# PROVIDED DATA:
^^^^^^^^^^^^^^^^
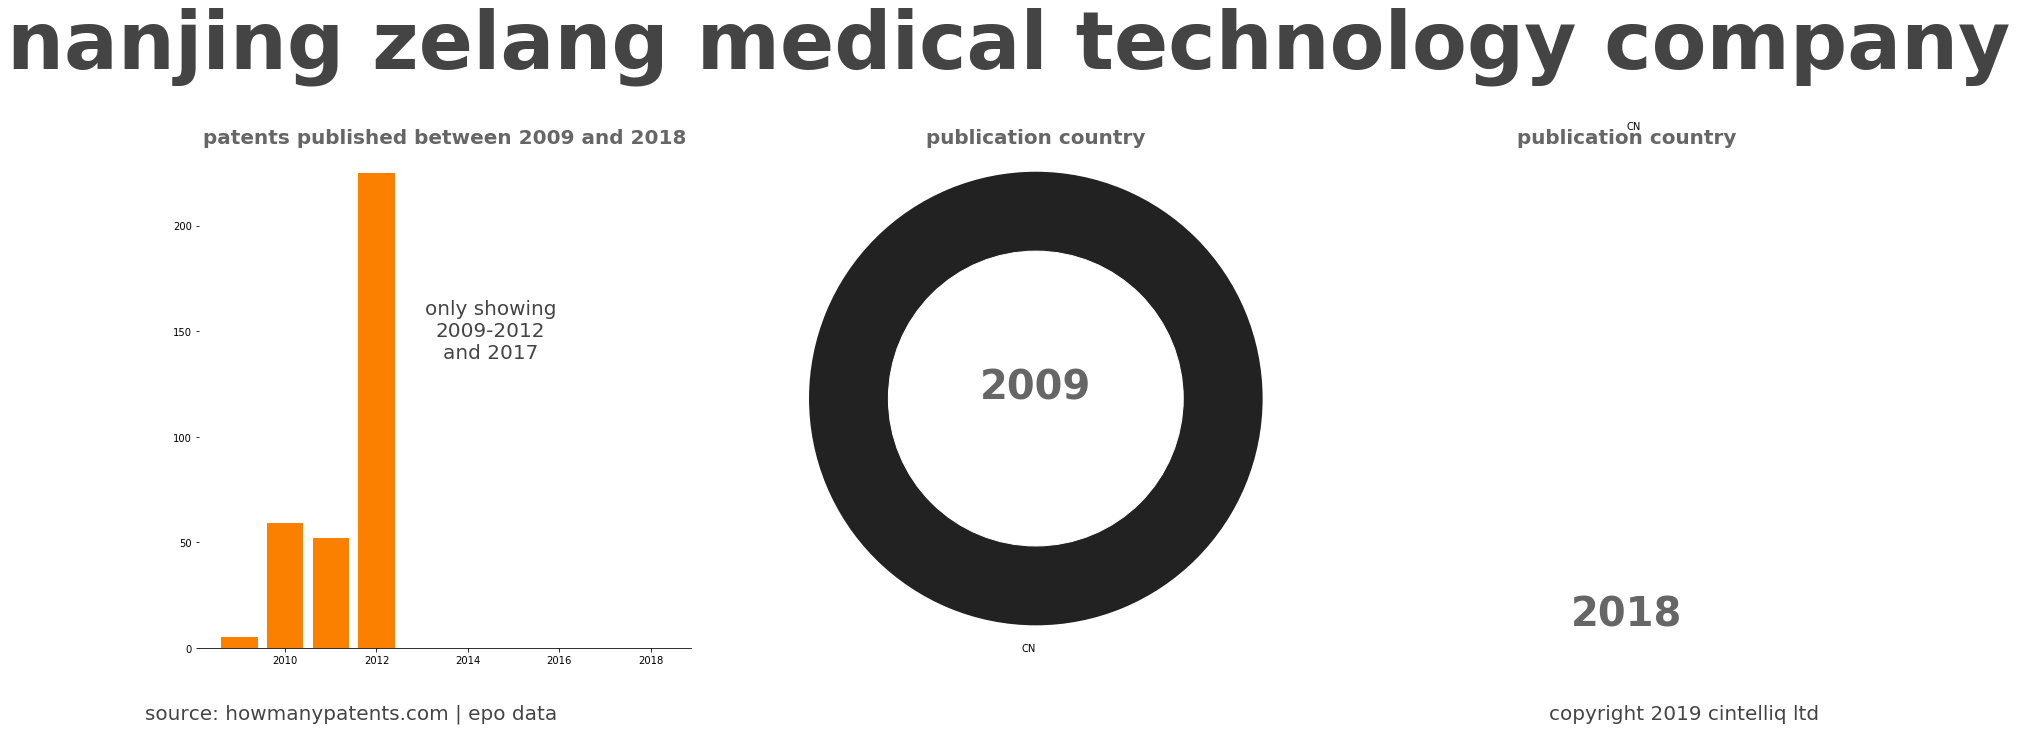 summary of patents for Nanjing Zelang Medical Technology Company
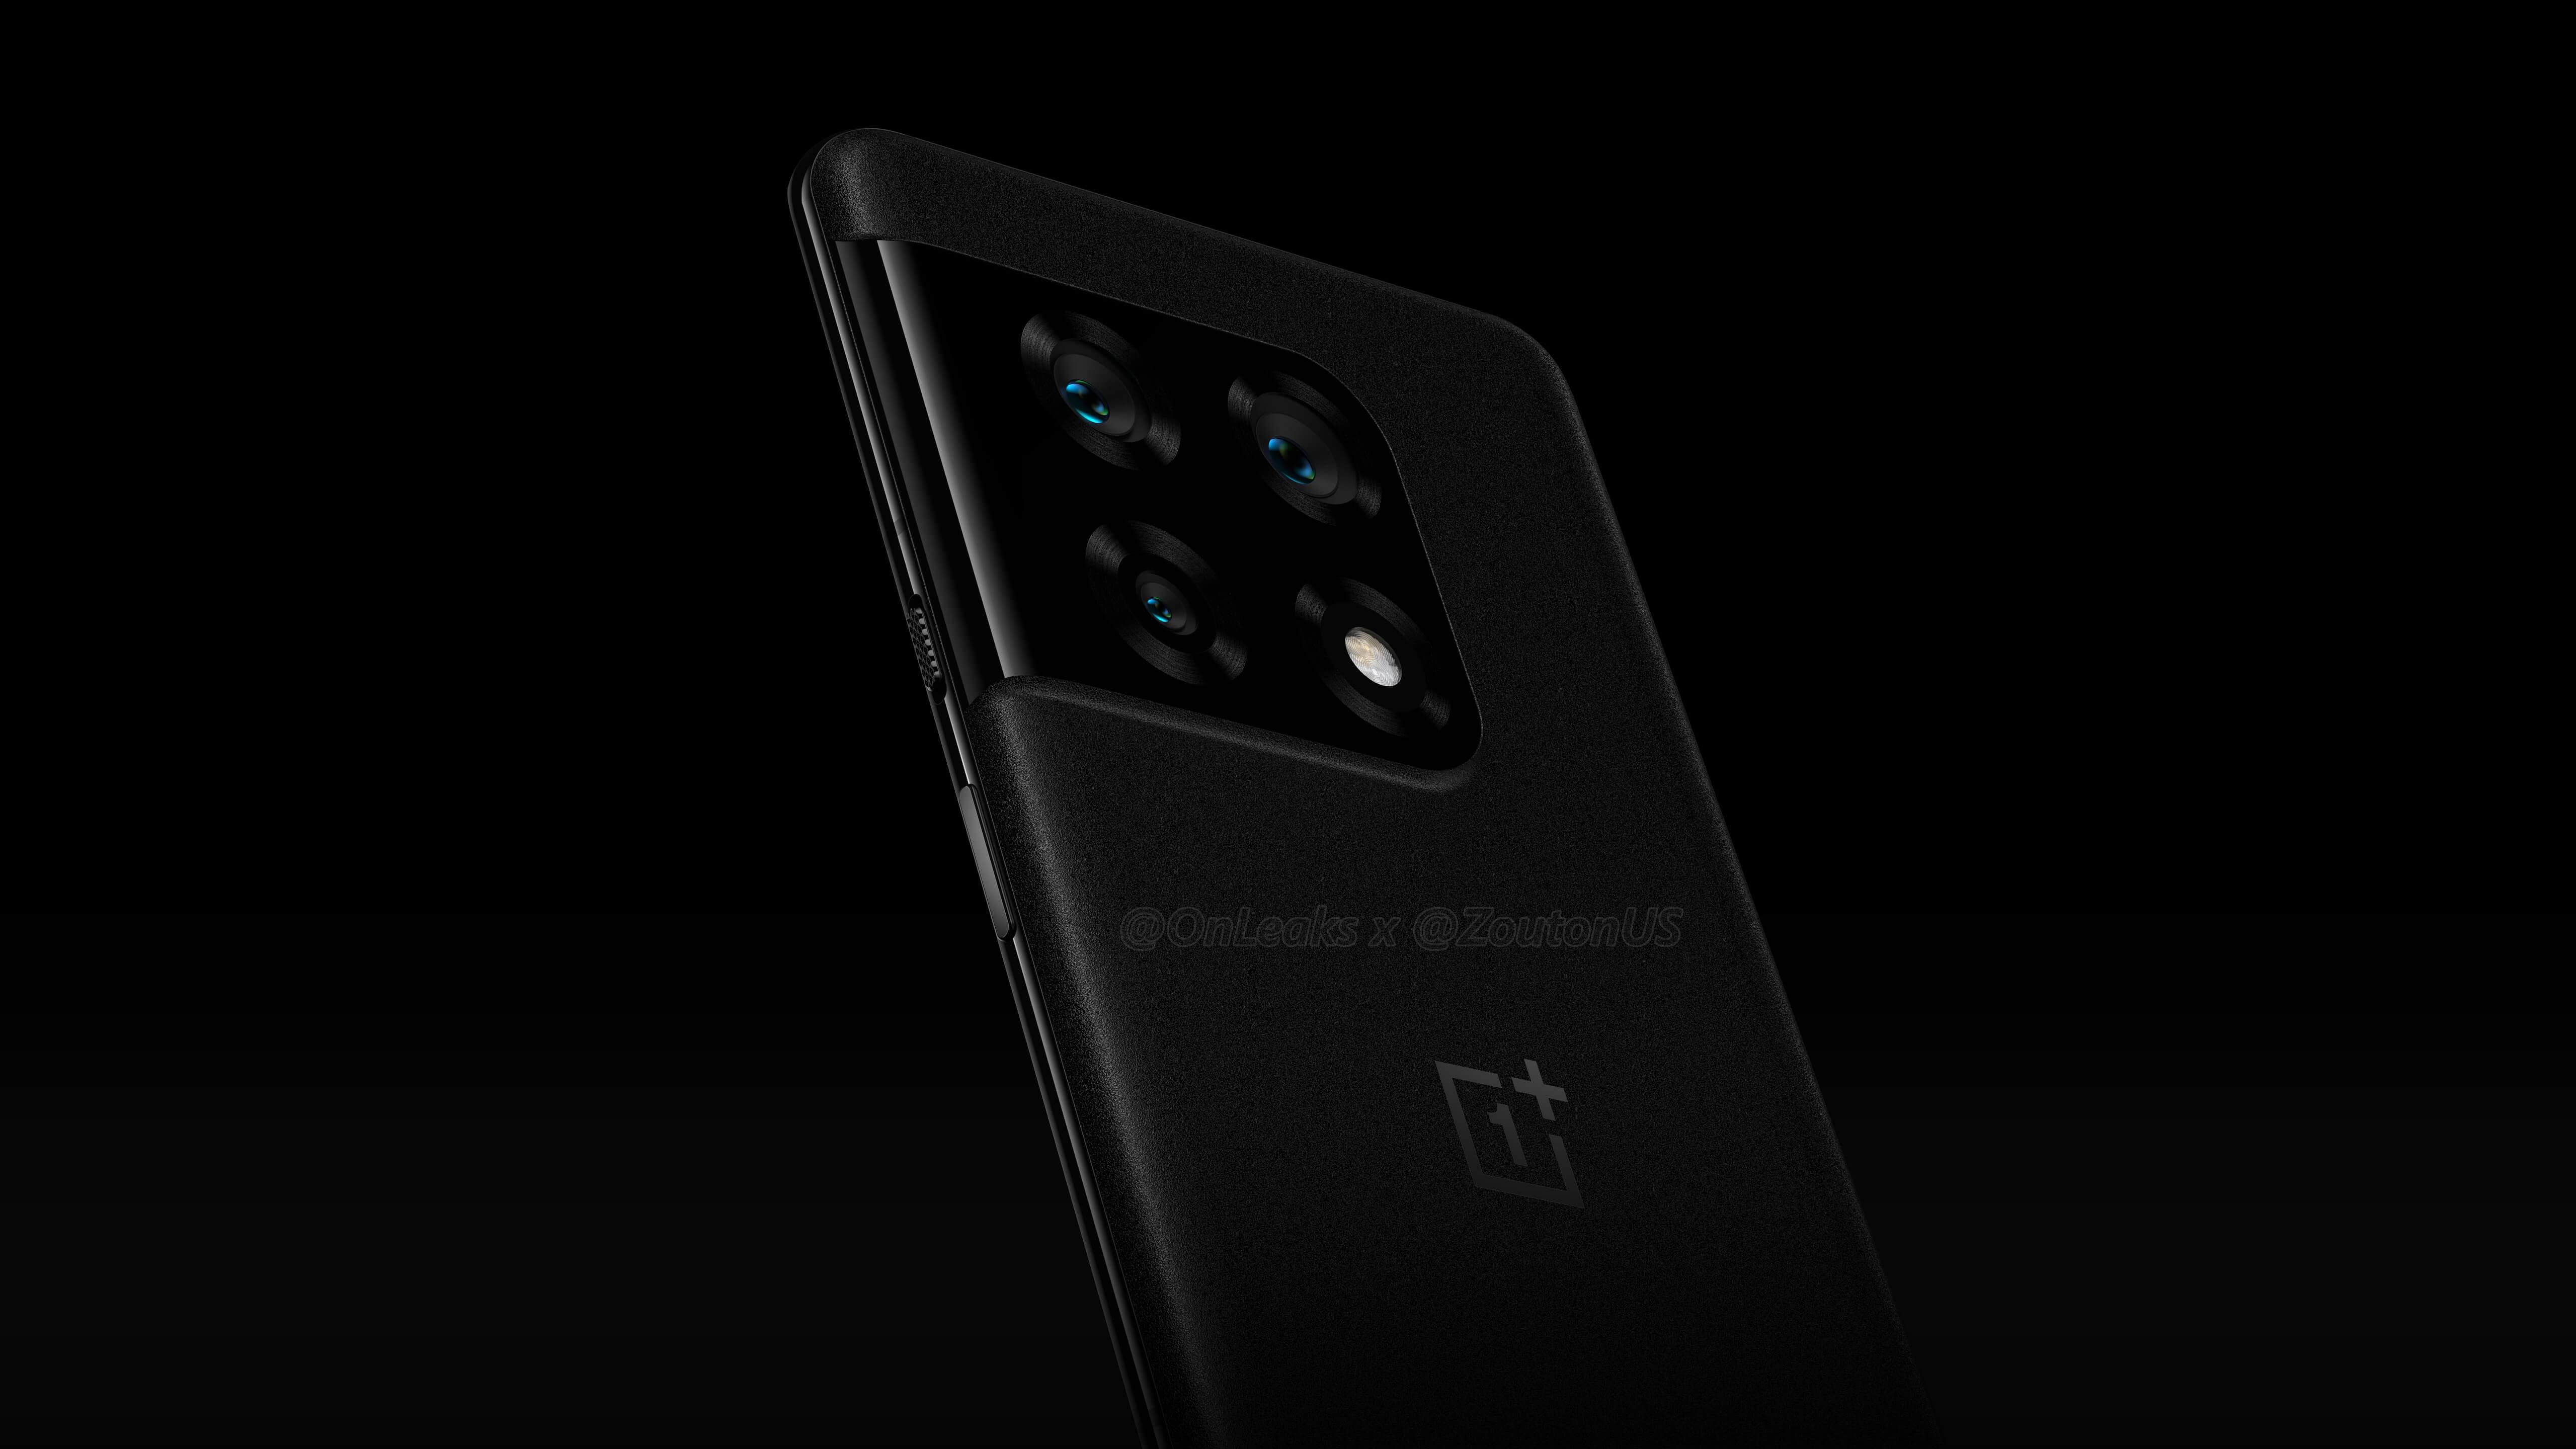 Leaked OnePlus 10 Pro render - OnePlus 10 Pro charging speed could put Apple, Samsung, and Google flagships to shame
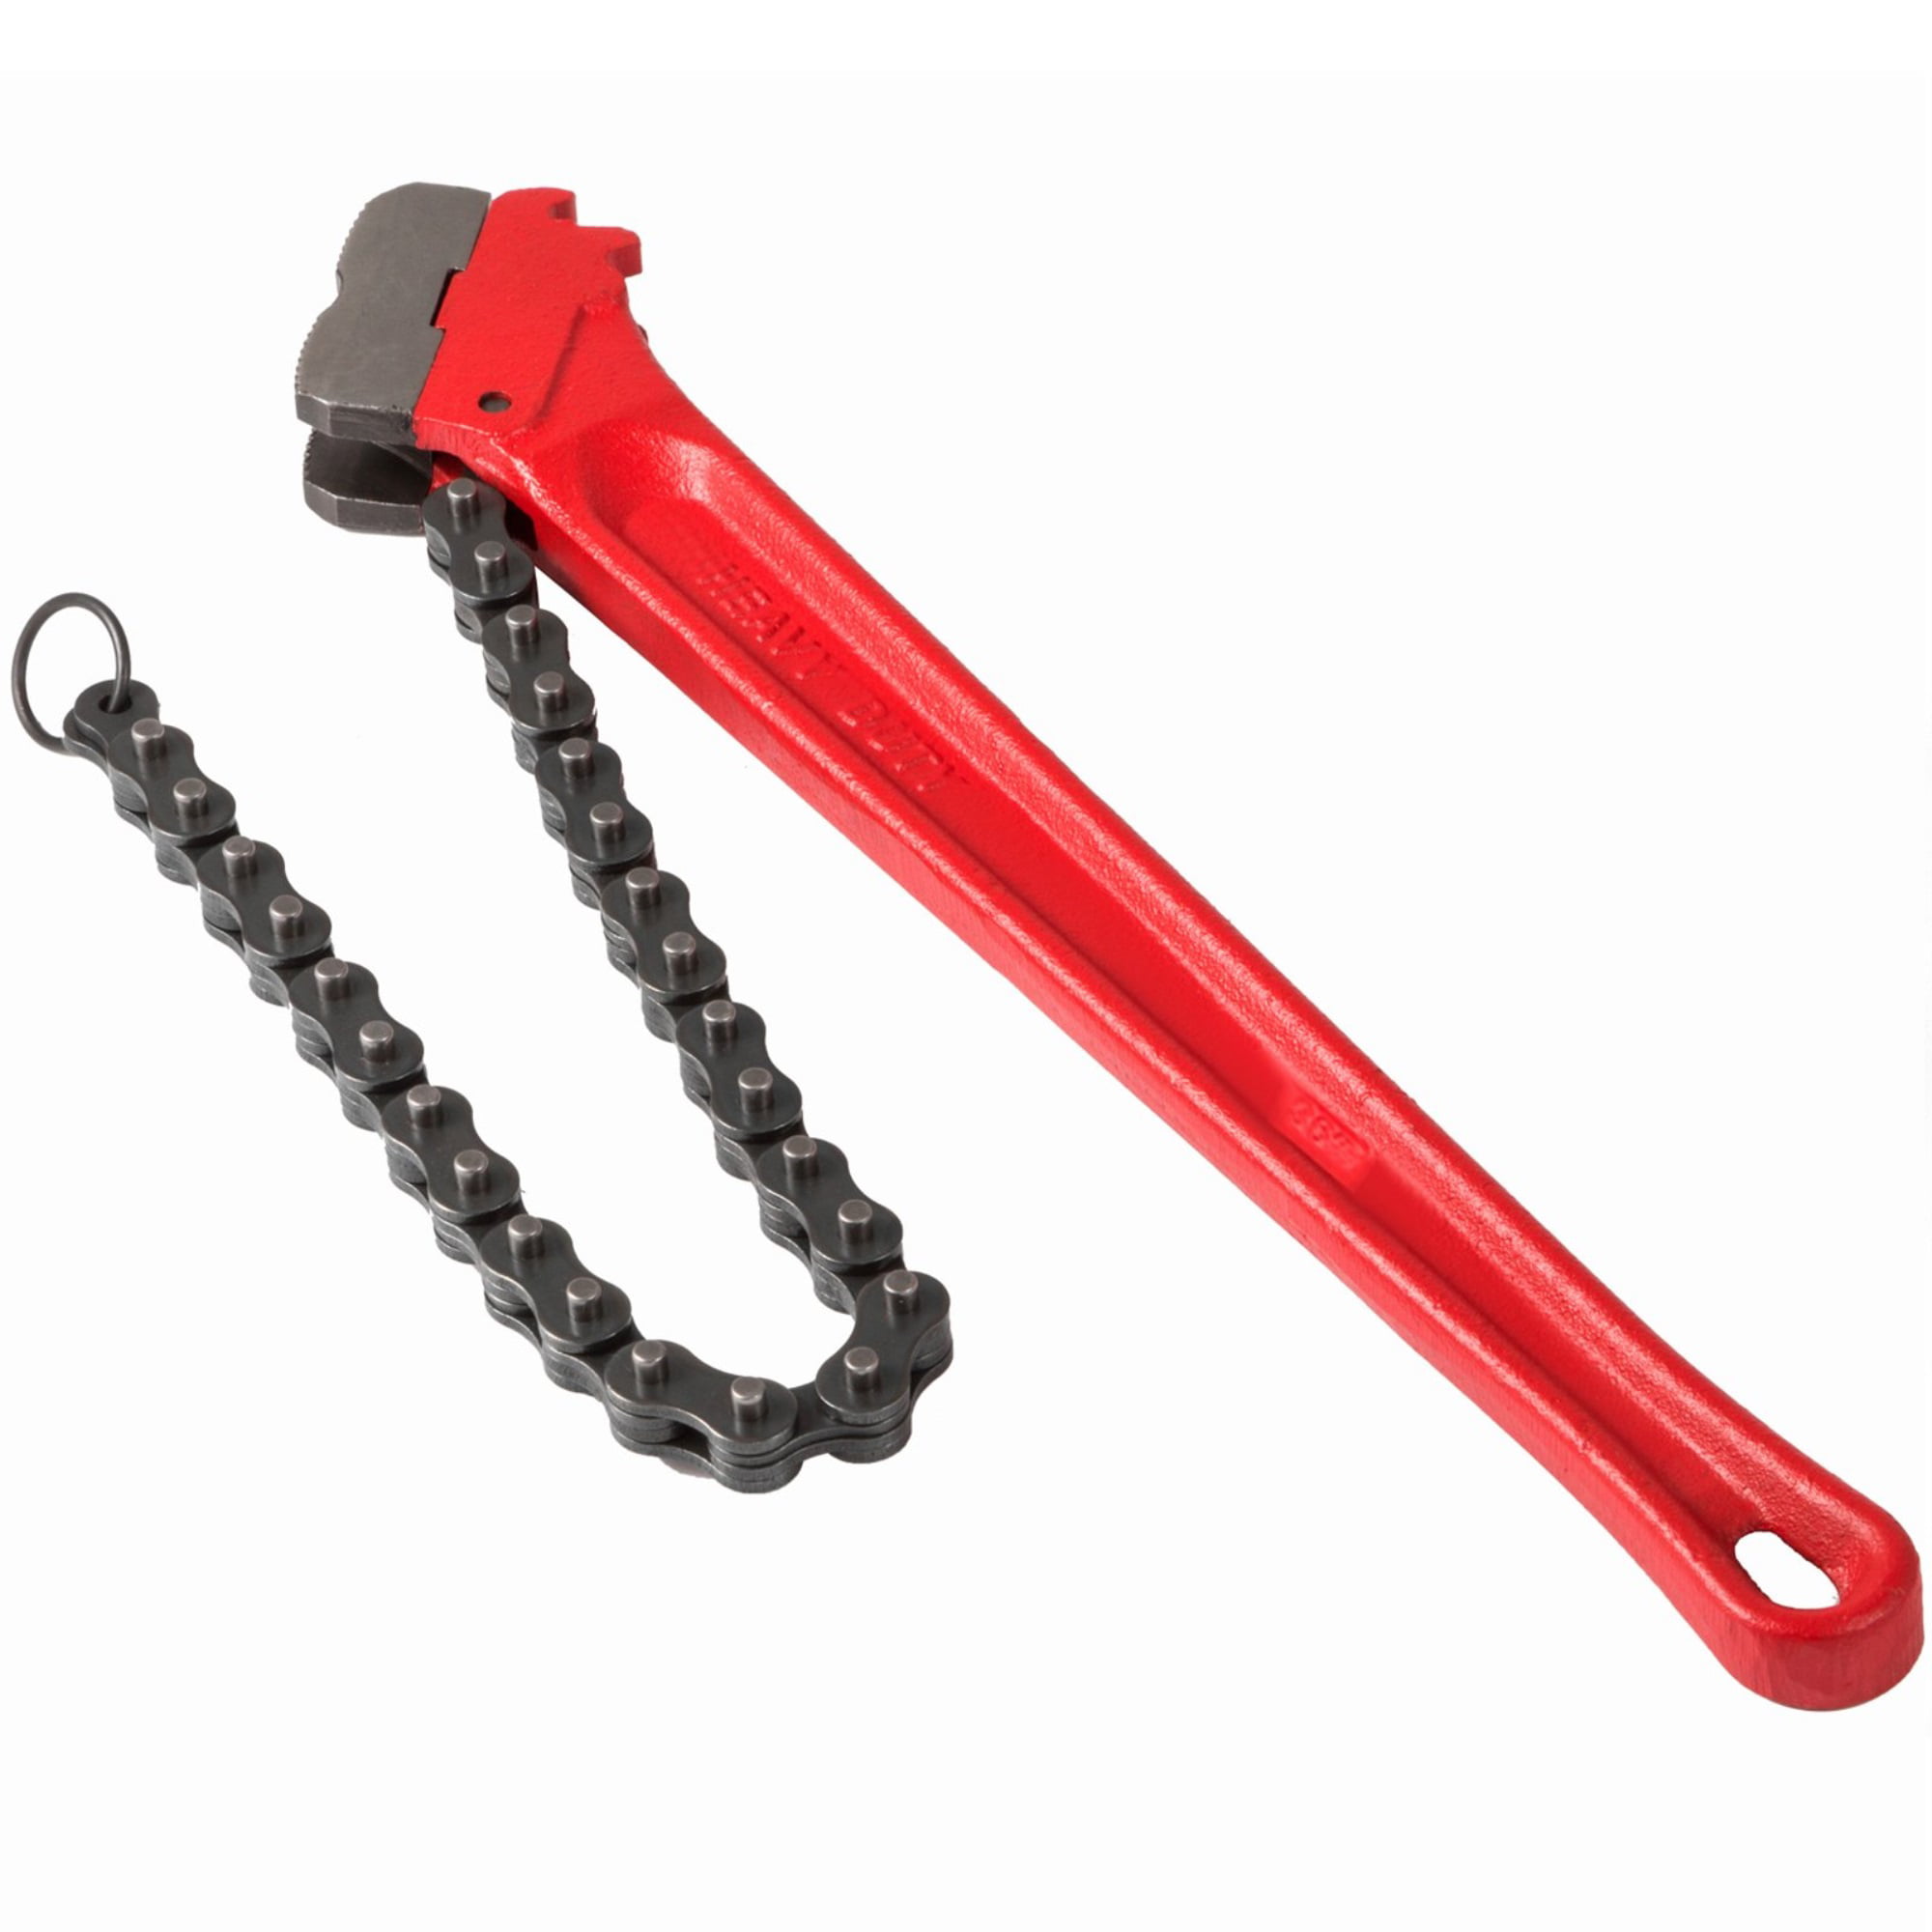 Pipe Wrench Ratchet Chain Wrench 36 in Handle with 30" Chain up to 7.5" Pipe
^^^^^^^^^^^^^^^^
# TASK STATEMENT:
Apart from the pictures, the material above has to be repeated exactly.

# WRITTEN RESPONSE:
 summary of patents for Nanjing Zelang Medical Technology Company
 Leaked OnePlus 10 Pro render - OnePlus 10 Pro charging speed could put Apple, Samsung, and Google flagships to shame
 Pipe Wrench Ratchet Chain Wrench 36 in Handle with 30" Chain up to 7.5" Pipe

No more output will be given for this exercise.